Norway sitting on 'resource gold mine'

Stallled: Johan Castberg is facing technical and commercial obstacles to development

Norway is sitting on a gold mine of 10 billion barrels of oil equivalent in untapped discovered hydrocarbon resources worth an estimated $106 billion but significant technical and commercial obstacles are barring the way to the glittering prize, according to Wood Mackenzie.

The potential resource haul is hidden in 206 discoveries, including the giant Johan Sverdrup find with estimated volumes of 2.4 billion boe, with about half of the volumes in the North Sea and the remainder divided roughly equally between the Norwegian and Barents seas, the UK-based research firm stated in a new analysis.

WoodMac estimates that more than 60% of the estimated resource tally could be commercialised to generate significant returns in the form of oil and gas revenue.

"We consider 4.8 billion boe likely to be economic, 1.6 billion boe potentially economic and the remaining 3.6 billion boe not commercial and therefore will remain undeveloped,” said North-West Europe upstream analyst James Webb.

“From this we estimate the volumes in the likely and potentially economic discoveries represent $22 billion of potential value for companies in the sector and $84 billion in tax revenue alone for the Norwegian government - excluding the profits of Statoil and the State’s Direct Financial Interest (SDFI).”

However, exploitation of the resources remains challenged by a range of technical obstacles – such as low reserves, lack of infrastructure and complex geoglogy - while stricter capital discipline and project prioritisation by oil companies such as Statoil are also putting the brakes on development and Webb said “not all undeveloped discoveries will reach commerciality”.

"Commercially, the global upstream industry faces an extremely difficult economic environment. Investors are increasingly demanding bigger dividends and a better rate of return,” he explained.

“As a result, many companies have committed to stricter capital discipline and are intensely screening projects based on financial criteria. Capital-intensive projects are particularly being scrutinised. This means more difficult projects could be delayed, and in some circumstances will simply remain undeveloped.”

Statoil has already postponed development of the $15 billion Johan Castberg discovery in the Barents Sea where a lack of resources in the remote Arctic region lacking existing infrastructure, as well as a punitive tax hike and higher costs, have undermined the commerciality of the project.

Webb said recent exploration success off Norway has also hindered the pace of development of discoveries.

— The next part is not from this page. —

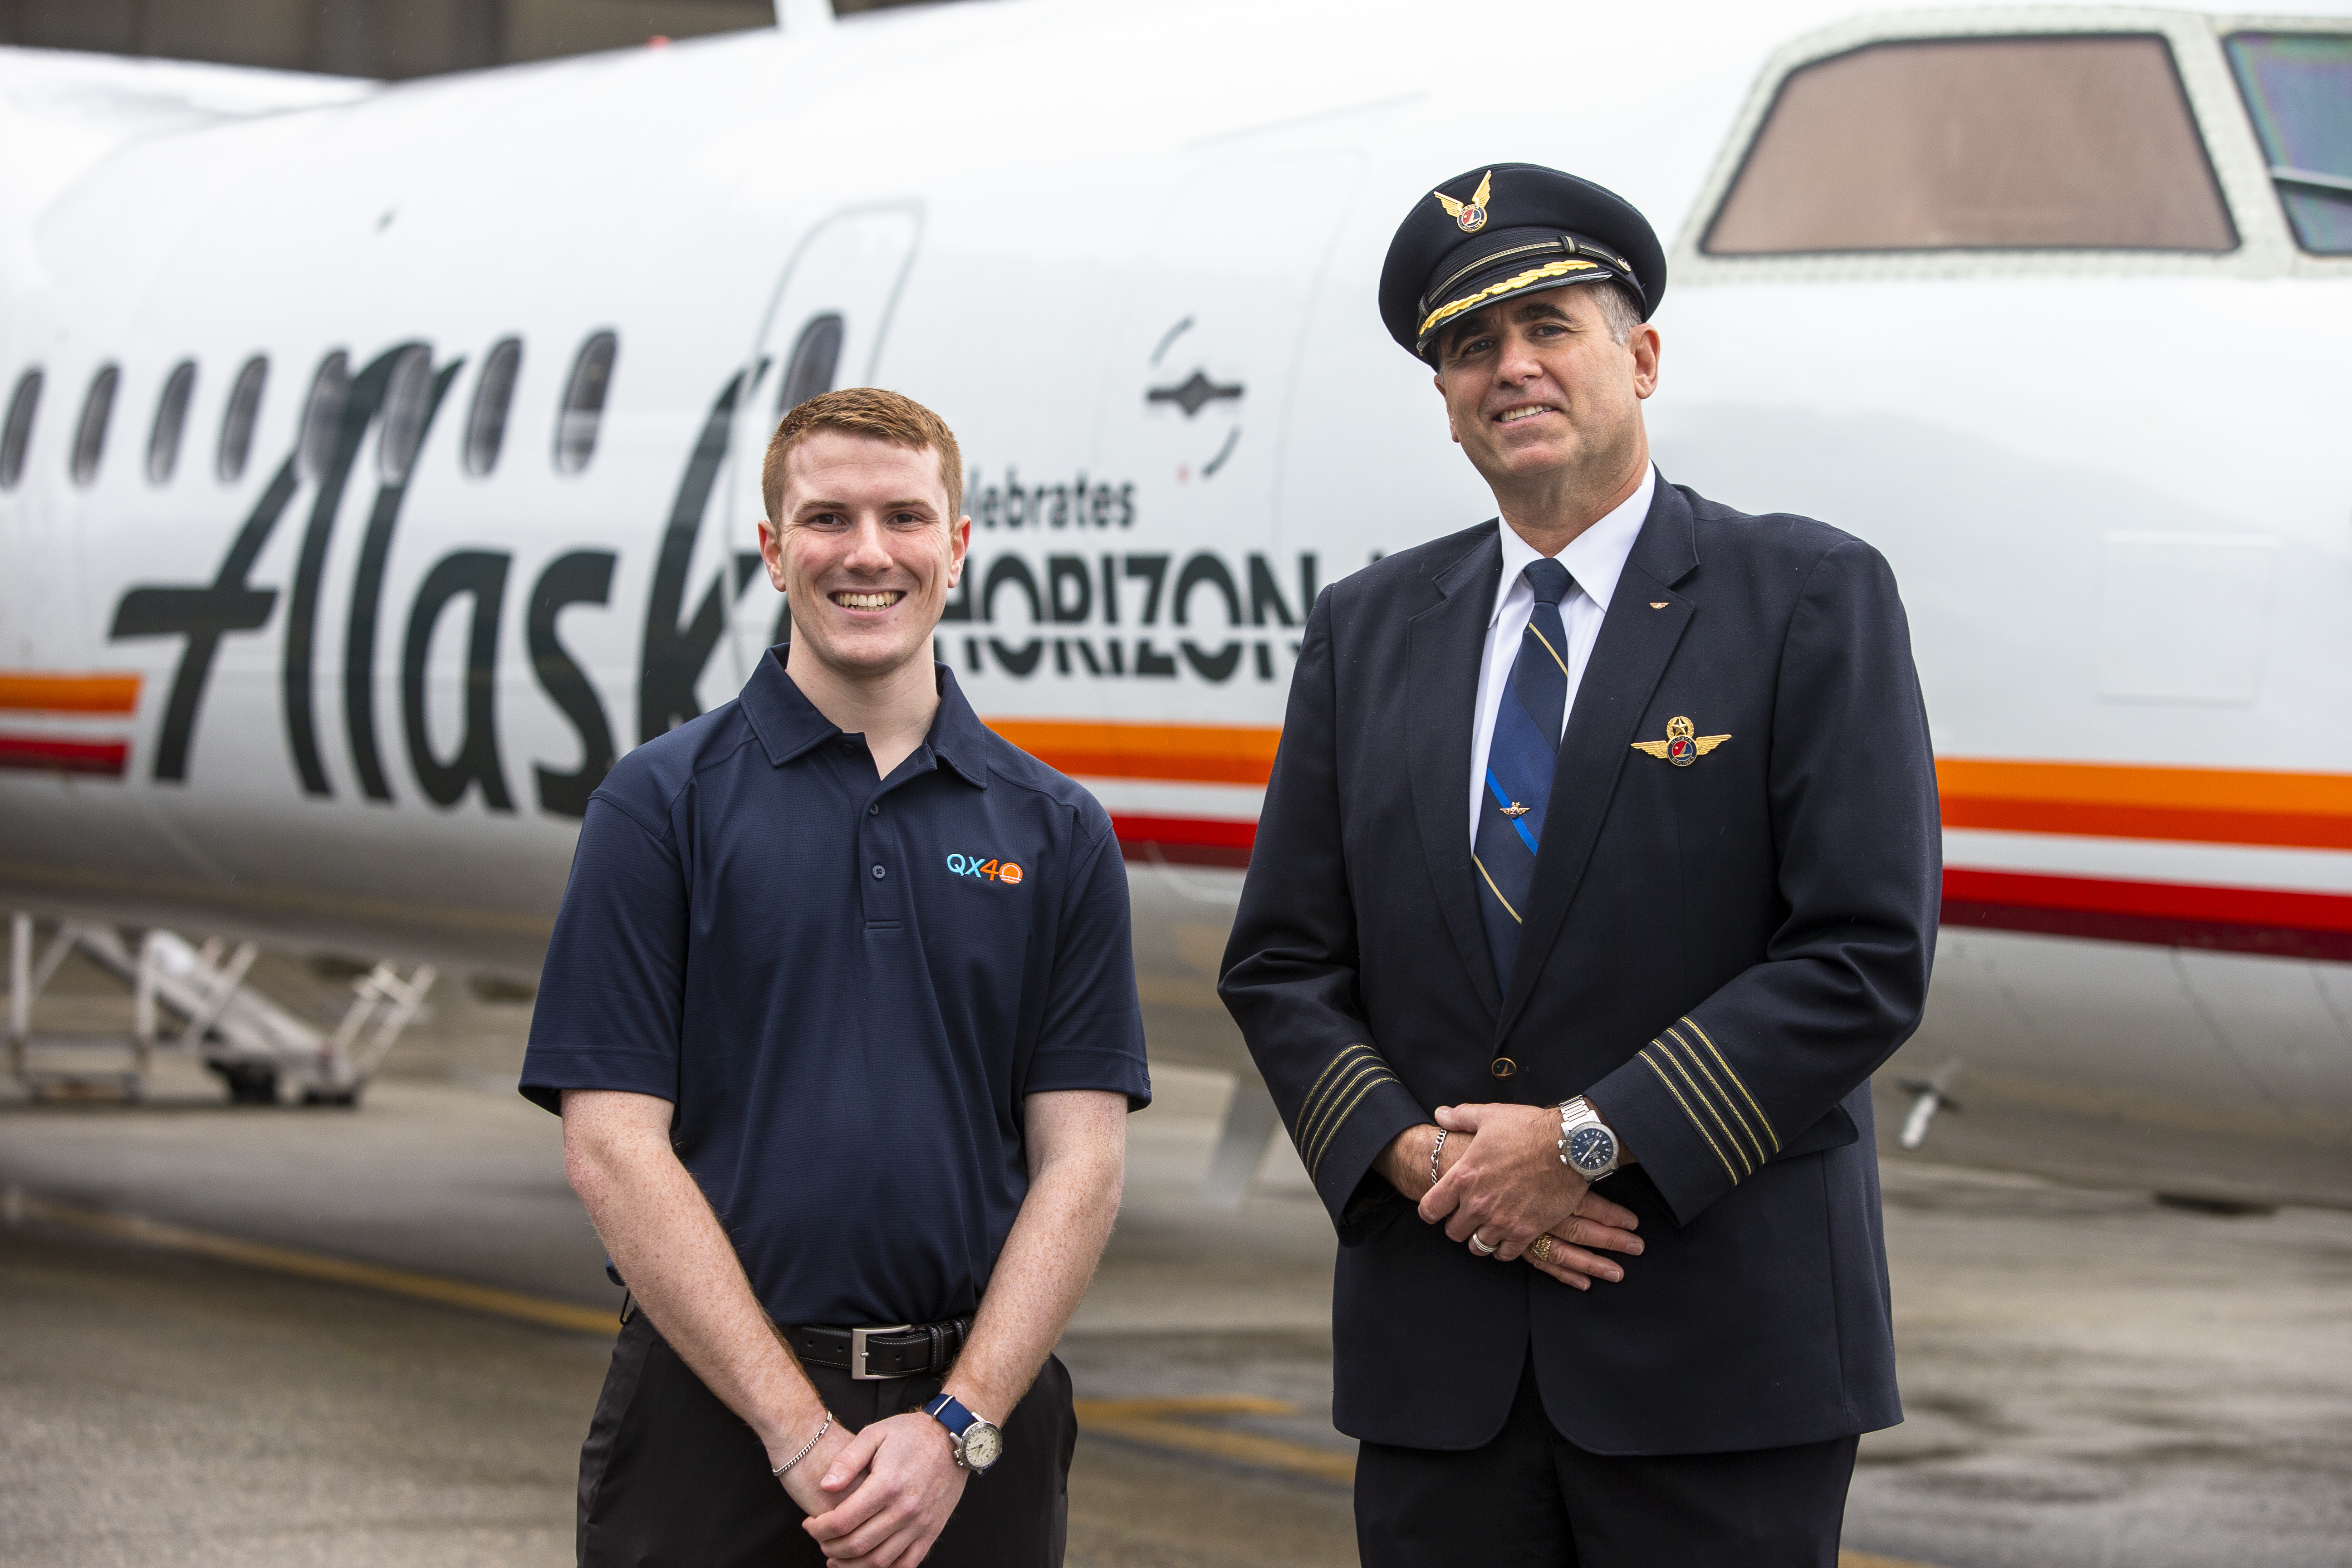 Is Pilot A Good Career? 8 Benefits of a Commercial Pilot Career

"Over the last five years the average size of new discoveries has been greater than the average undeveloped field and therefore new fields have been prioritised,” he said.

As a result, more complex developments – such as high-pressure and high-temperature fields – have been delayed in favour of simpler projects, according to the analyst.

 However, the Edinburgh-based consultancy still believes the pipeline of future developments off Norway remains strong, with the undeveloped resources accounting for much of the value creation for companies such as Lundin Petroleum and Det Norske Oljeselskap.

“This creates an incentive to quickly commercialise the finds and bring them on stream,” Webb said, adding that increased co-operation between oil companies, the SDFI and government was “vital” to realising development of these resources.